Formation of platelet-binding von Willebrand factor strings on non-endothelial cells
Article first published online: 1 OCT 2012
© 2012 International Society on Thrombosis and Haemostasis
Journal of Thrombosis and Haemostasis
Volume 10, Issue 10, pages 2168–2178, October 2012
How to Cite
WANG, J. W., VALENTIJN, J. A., VALENTIJN, K. M., DRAGT, B. S., VOORBERG, J., REITSMA, P. H. and EIKENBOOM, J. (2012), Formation of platelet-binding von Willebrand factor strings on non-endothelial cells. Journal of Thrombosis and Haemostasis, 10: 2168–2178. doi: 10.1111/j.1538-7836.2012.04891.x
- Issue published online: 1 OCT 2012
- Article first published online: 1 OCT 2012
- Accepted manuscript online: 20 AUG 2012 10:21AM EST
- Received 23 May 2012, accepted 10 August 2012
- von Willebrand disease;
- von Willebrand factor;
- Weibel–Palade body
Summary. Background and Objective: Von Willebrand factor (VWF) forms strings on activated vascular endothelial cells that recruit platelets and initiate clot formation. Alterations in VWF strings may disturb hemostasis. This study was aimed at developing a flexible model system for structure–function studies of VWF strings.
Methods: VWF strings were generated by inducing exocytosis of pseudo-Weibel–Palade bodies from VWF-transfected HEK293 cells, and the properties of these strings under static conditions and under flow were characterized.

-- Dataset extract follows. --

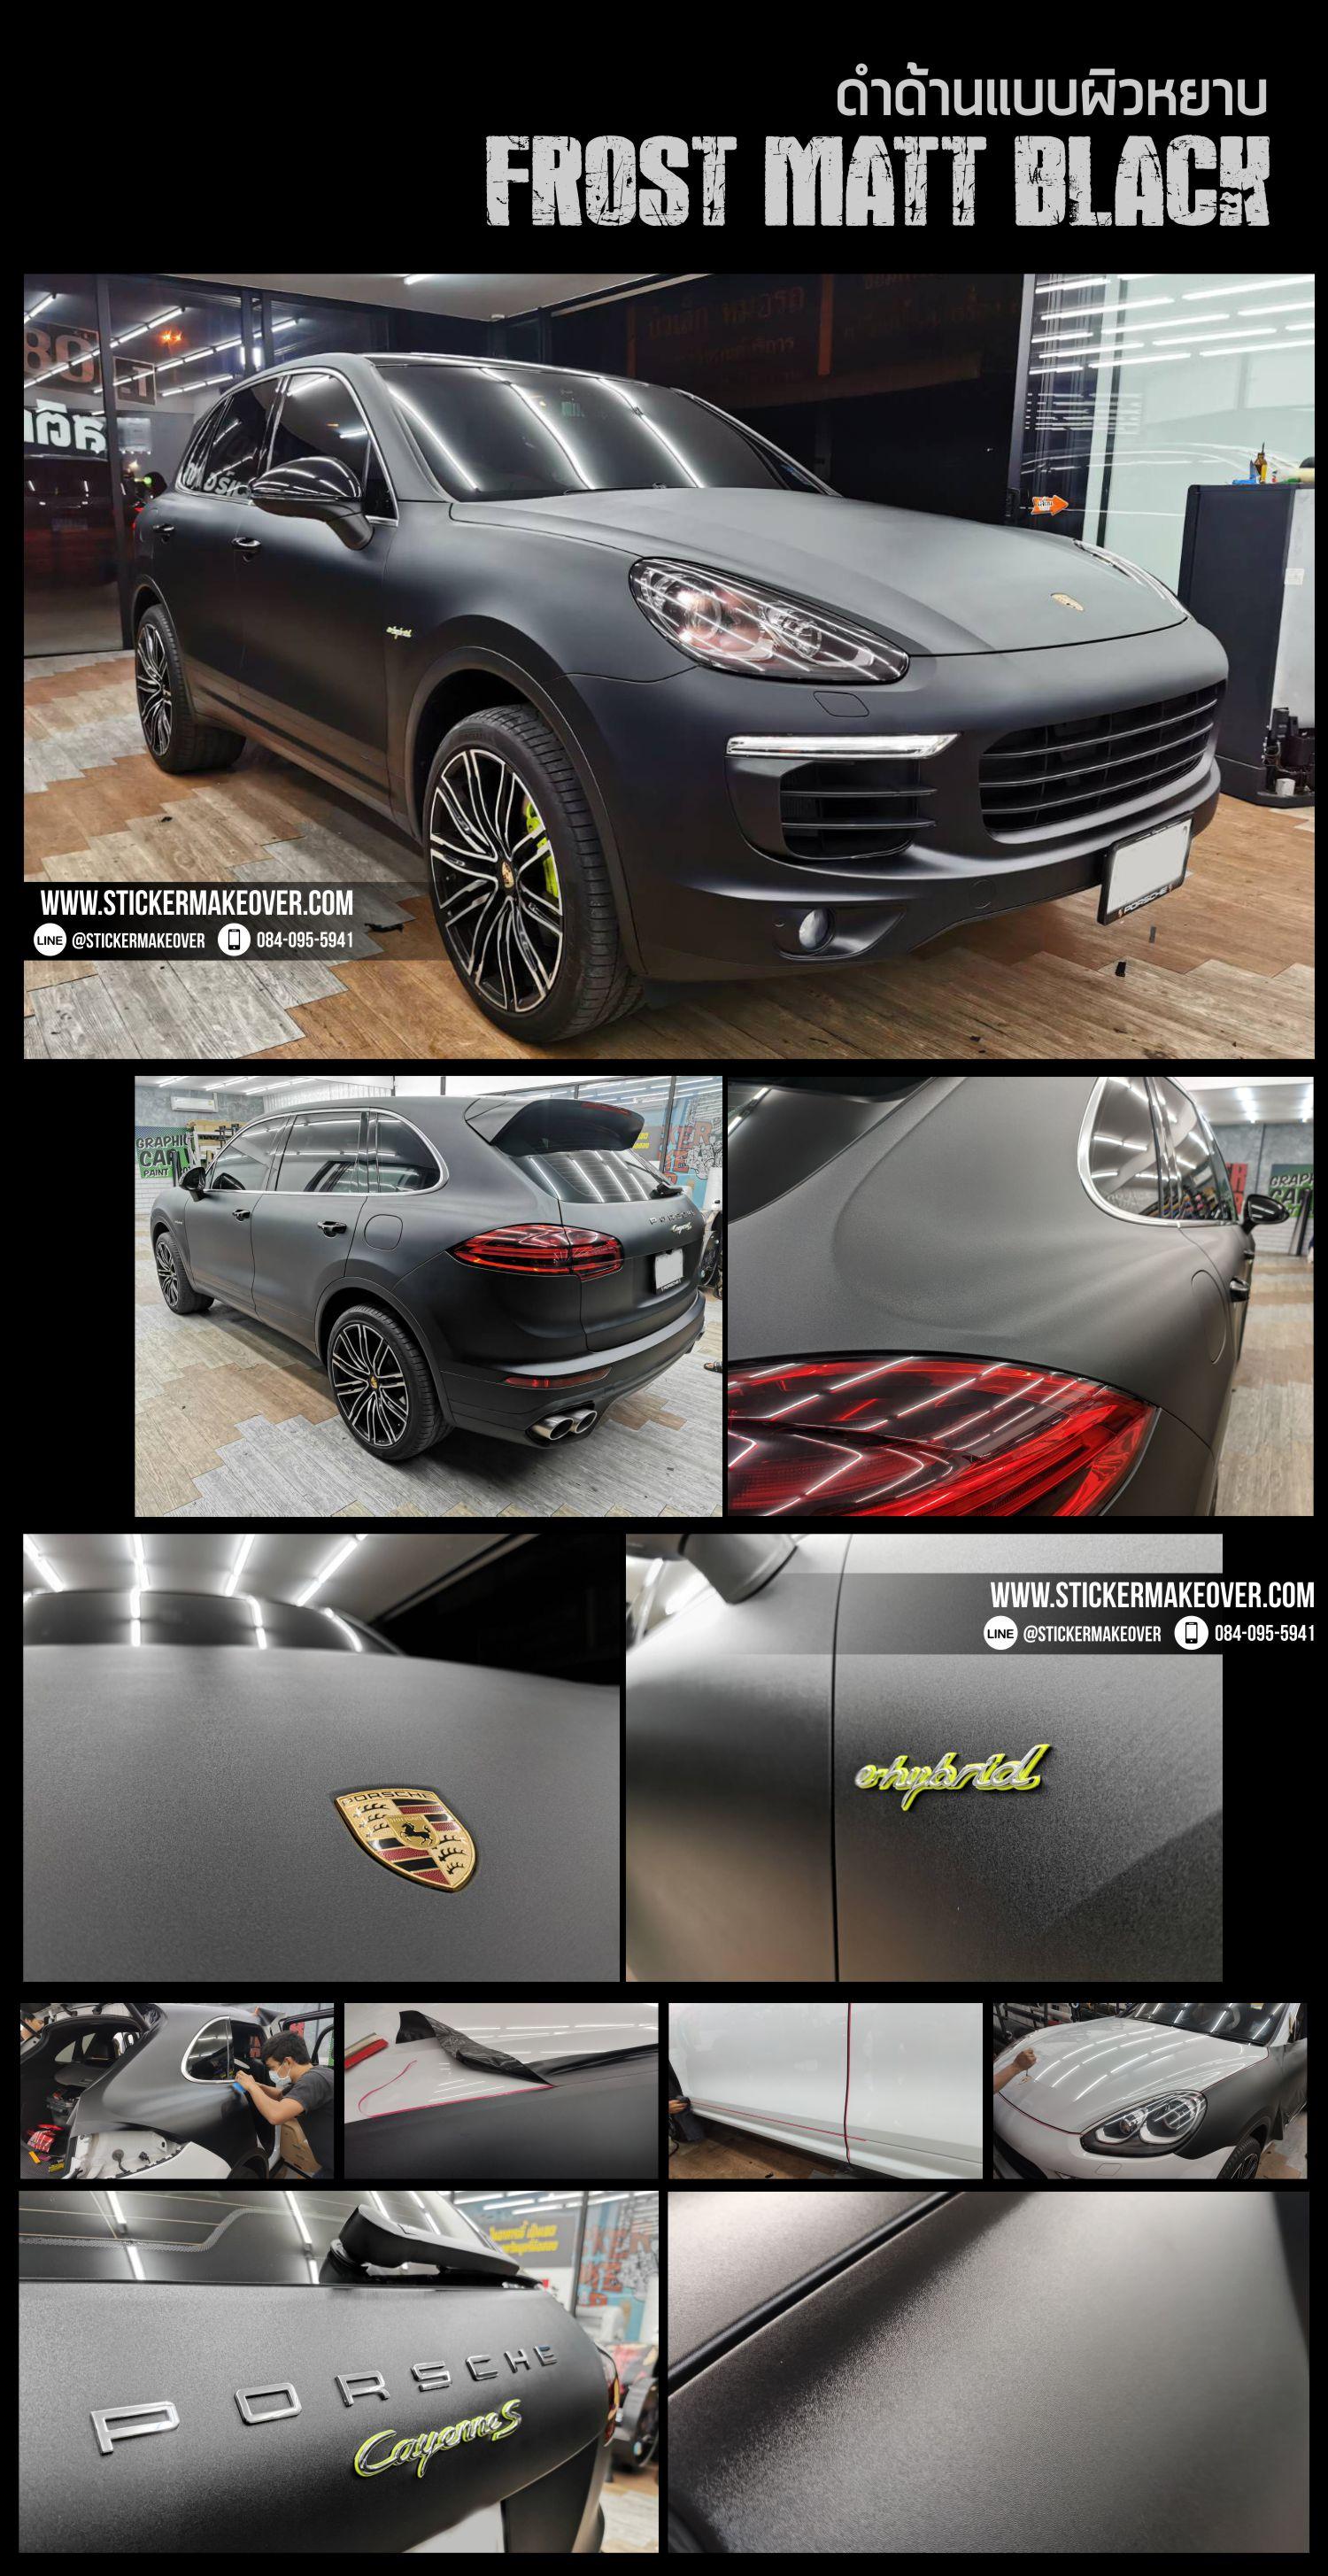 สติกเกอร์สีดำซาติน สติ๊กเกอร์สีดำด้าน หุ้มเปลี่ยนสีporsche cayenne หุ้มเปลี่ยนสีรถด้วยสติกเกอร์ wrap car  แรพเปลี่ยนสีรถ แรพสติกเกอร์สีรถ เปลี่ยนสีรถด้วยฟิล์ม หุ้มสติกเกอร์เปลี่ยนสีรถ wrapเปลี่ยนสีรถ ติดสติกเกอร์รถ ร้านสติกเกอร์แถวนนทบุรี หุ้มเปลี่ยนสีรถราคาไม่แพง สติกเกอร์ติดรถทั้งคัน ฟิล์มติดสีรถ สติกเกอร์หุ้มเปลี่ยนสีรถ3M  สติกเกอร์เปลี่ยนสีรถ oracal สติกเกอร์เปลี่ยนสีรถเทาเมทัลลิค ฟิล์มFR Premium Wrap

Results: Upon exocytosis, VWF unfurled into strings several hundred micrometers in length. These strings could form bundles and networks, and bound platelets under flow, resembling authentic endothelial VWF strings. Anchorage of the platelet-decorated VWF strings was independent of P-selectin and integrin αVβ3. Translocation of platelets along the strings, elongation and fragmentation of the strings frequently occurred under flow. Furthermore, VWF variants with the p.Tyr87Ser and p.Cys2773Ser mutations, which are defective in multimer assembly, did not give rise to VWF strings. Also, insertion of the green fluorescent protein into VWF inhibited string formation.
Conclusions: HEK293 cells provide a flexible and useful model system for the study of VWF string formation. Our results suggest that structural changes in VWF may modulate string formation and function, and contribute to hemostatic disorders.